Modern memory systems can contain tens of millions of binary digits (bits) of information within a small number of memory devices (e.g. 10) at low cost. Due to the internal construction of these devices, each bit cell is susceptible to interference from stray electro-magnetic particles (e.g. alpha particles) and other sources of energy, both man made and natural.

This potential error generating problem is compounded in modern systems due to the large number of bits available, and the lower energy level required to upset any bit cell compared to that needed with earlier devices.

Computer systems are already known which use banks of dummy cells, one or more of which can be brought into operation in the event of failure of one or more of the memory cells in the main array.

Also well known are various types of "voting" schemes. The triple "voting" scheme for example parallels up the operation of the processors, logic and/or memory subsystem. The data is judged to be correct by a 2 to 1 majority.

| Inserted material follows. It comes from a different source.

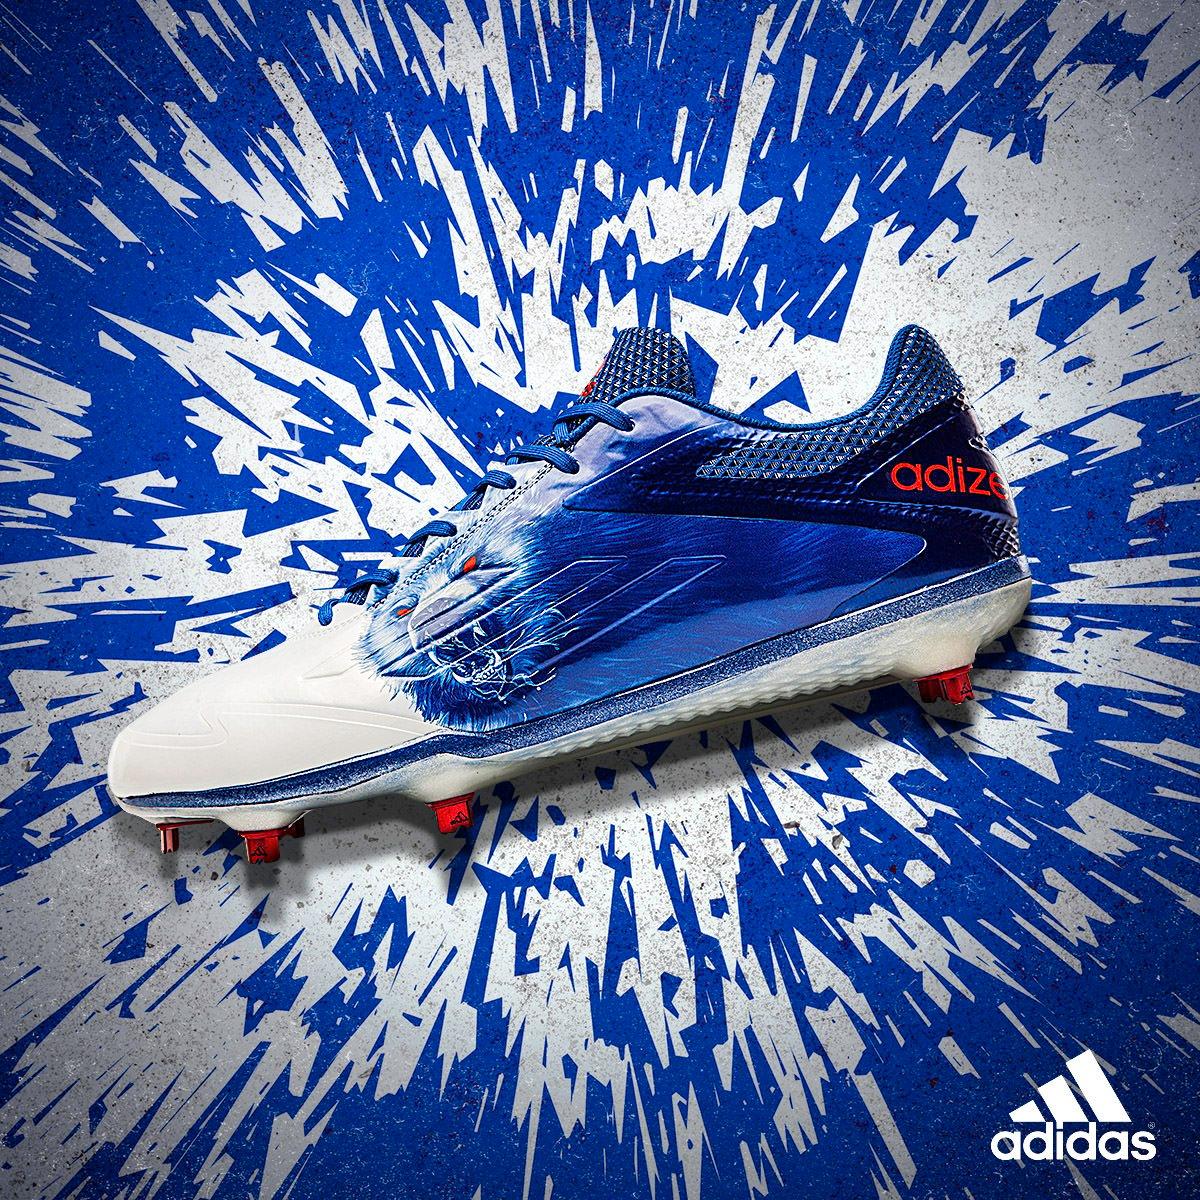 adidas_Baseball_Kris_Bryant_Uncaged_Bear_Side

However, with this triple voting system only one bit error can be corrected at a time.

It is an object of the present invention to provide a memory error protection system which is capable of providing excellent protection at a relatively low cost compared with the known systems.

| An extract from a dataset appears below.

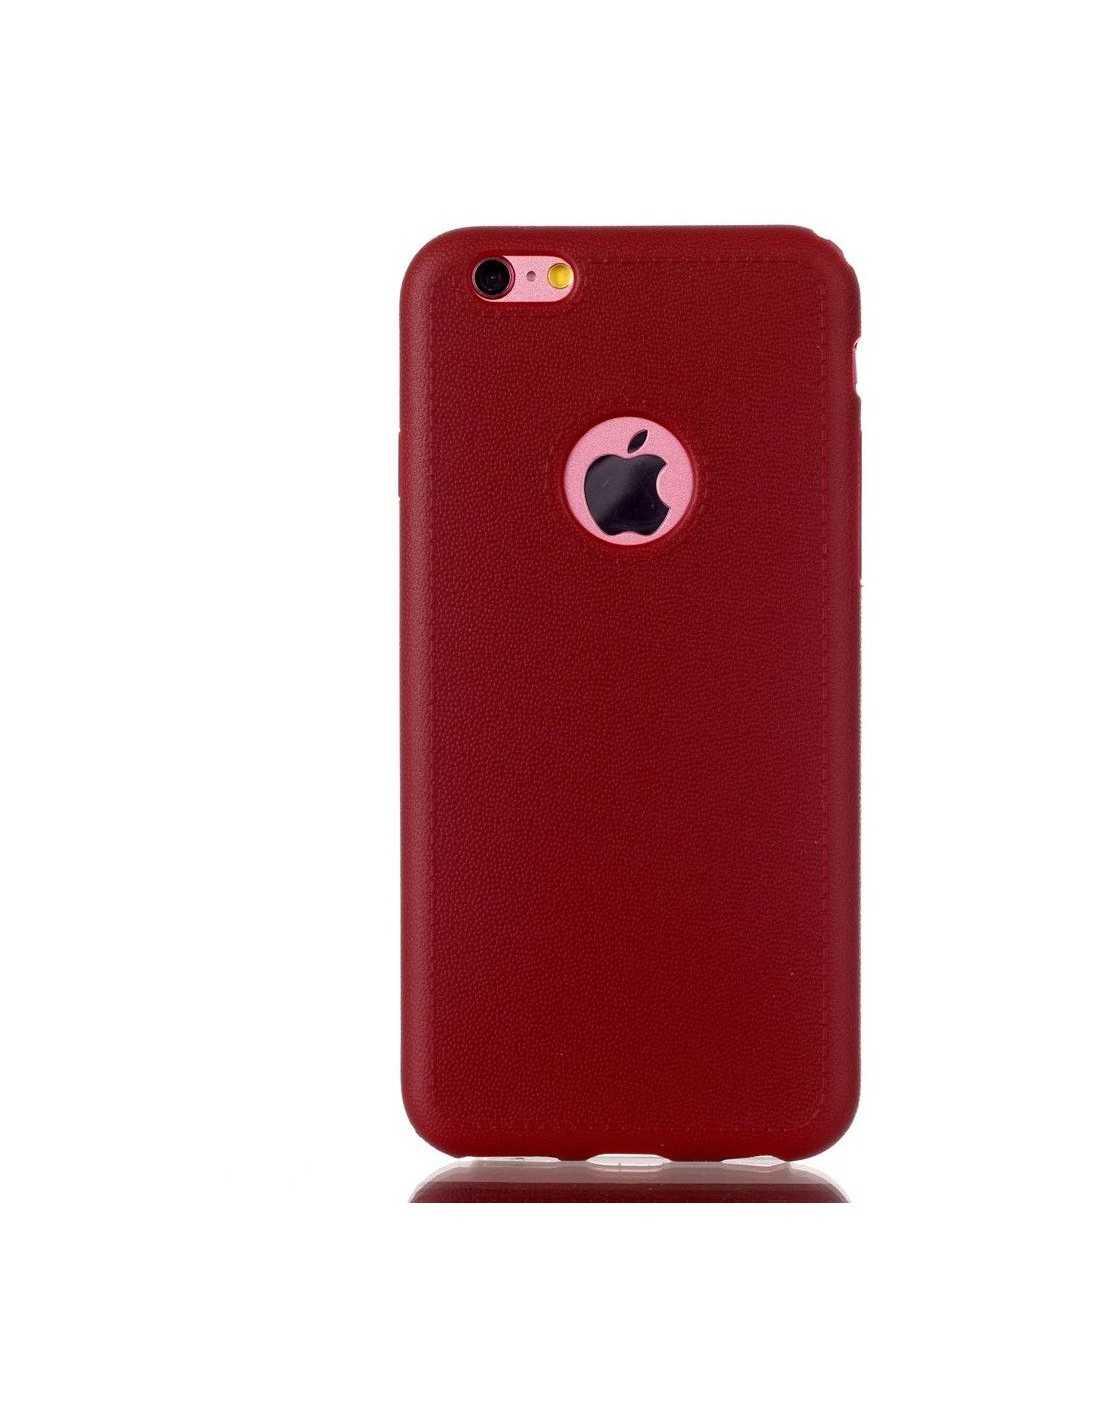 coque iphone 6s et iphone 6 souple seconde peau rouge

In its broadest aspect there is provided according to the present invention a memory error protection system for use with dynamic random access memories, said system including: at least two parallel memory banks; means for detecting an error between bits of information stored in at least two corresponding memory devices of the parallel memory banks; and means operable from the error detection means to switch between different memory banks in order to ensure that only the correct data is output onto a memory data highway.

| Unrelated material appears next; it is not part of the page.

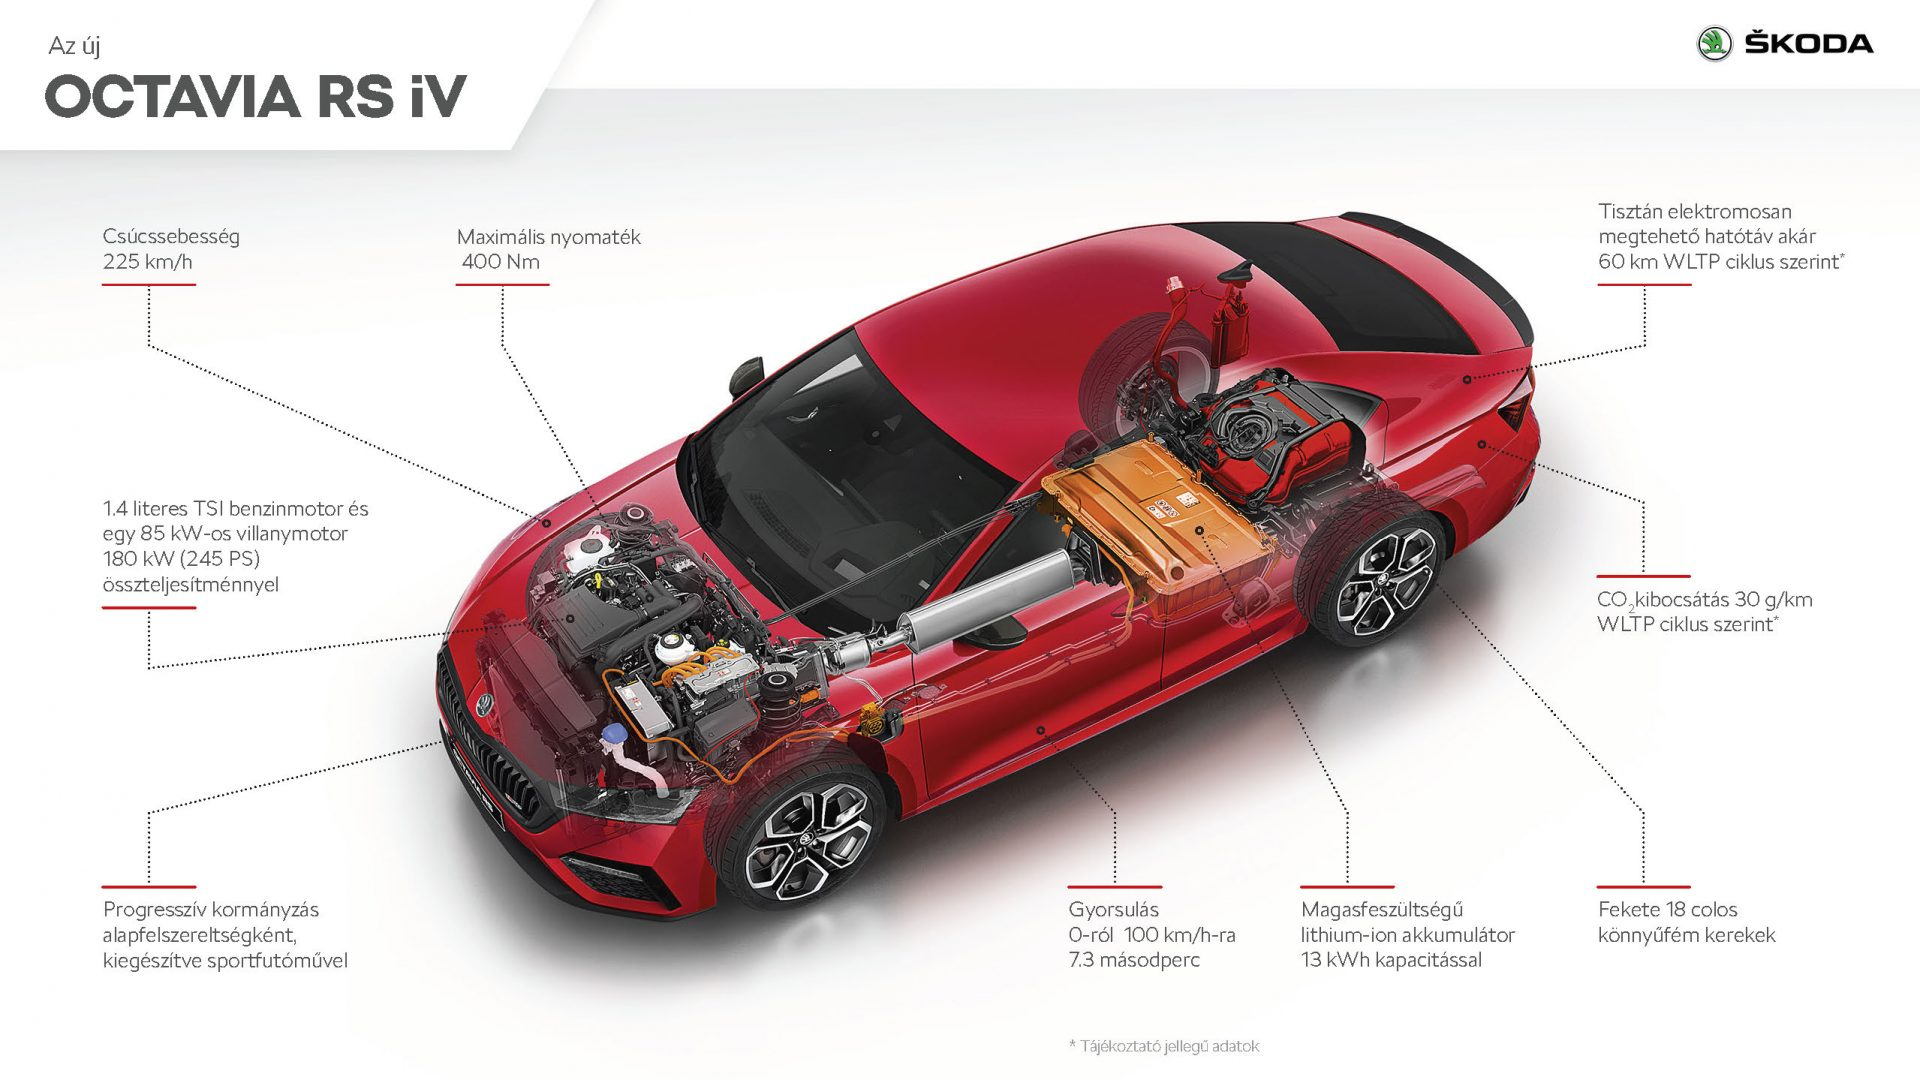 OCTAVIA RS iV 2020

The levels utilized in the above system are broadly as follows: Level 1. Byte Parity single bit error detection; Level 2. Double Redundancy (two copies of data and parity stored) single bit error correction, two bit ; error detection; Level 3. Quadruple Redundancy (four copies of data and parity stored) - four bit detection, three bit correction (not verified).

This type of memory error protection system is thus capable of selecting appropriate levels of protection required, each higher level of protection successively utilizing more memory storage as a trade off for increased level of protection.

In one preferred form there are two parallel memory banks. This provides a dynamically configurable system using a single duplicate store and parity which operates in the level 2 mode.

In another form there are four parallel memory banks, thus extending the system to a unique quadruple redundant system to give better fault coverage than with the triple voting system with parity referred to above.

It will be appreciated that the parity bit is, itself, a kind of syndrome derived check bit (a very simple one). The above system is thus combining straightforward redundancy and a syndrome check bit for each bank. In practice byte parity can be utilized to give two check bits per 16 words (i.e. each bank is 16 bits wide). One reason for doing this is because the central processor can separately read and write 8 bits at a time independently of the other half of the 16 bit word.

The means for detecting an error between bits of information stored in parallel memory banks, may comprise at least one comparator. In the case where there are n memory banks storing bits of information in parallel, there may be n-l comparators.

The means operable from the detection of an error between bits may comprise a plurality of bus isolators (or alternatively multiplexors and de-multiplexors),. each provided in a data highway between the main data highway and respective memory banks, said isolators being controlled from a control unit which is itself controlled from outputs of parity generators and checkers associated with the respective memory banks in addition to the outputs from the one or more comparators.

Additional protection may be provided by at least one plug-in module.

The present invention will now be described in greater detail by way of examples with reference to the accompanying drawings, wherein: Fig. 1 is a block diagram of one preferred form of memory error protection system providing level 2 protection; and Figs. 2A and 2B are is a block diagrams of another preferred form of memory error protection system providing level 3 and level 2 protection.

Referring first to Fig. 1, the memory error protection system for use with memory banks M1 and M2 each containing a plurality of DRAM devices, includes: a memory control unit MCU; a pair of parity generators and checkers GC1 and GC2 associated with respect memory banks M1 and M; a pair of bus isolators BI1 and BI2 and a data comparator DC.

The memory control unit MCU has input terminals I1, 12, I3, I4, I5, I6, I7 and output terminals 01, 02, 03, 04, 05 and 06, on which the following information is input to or output from the unit.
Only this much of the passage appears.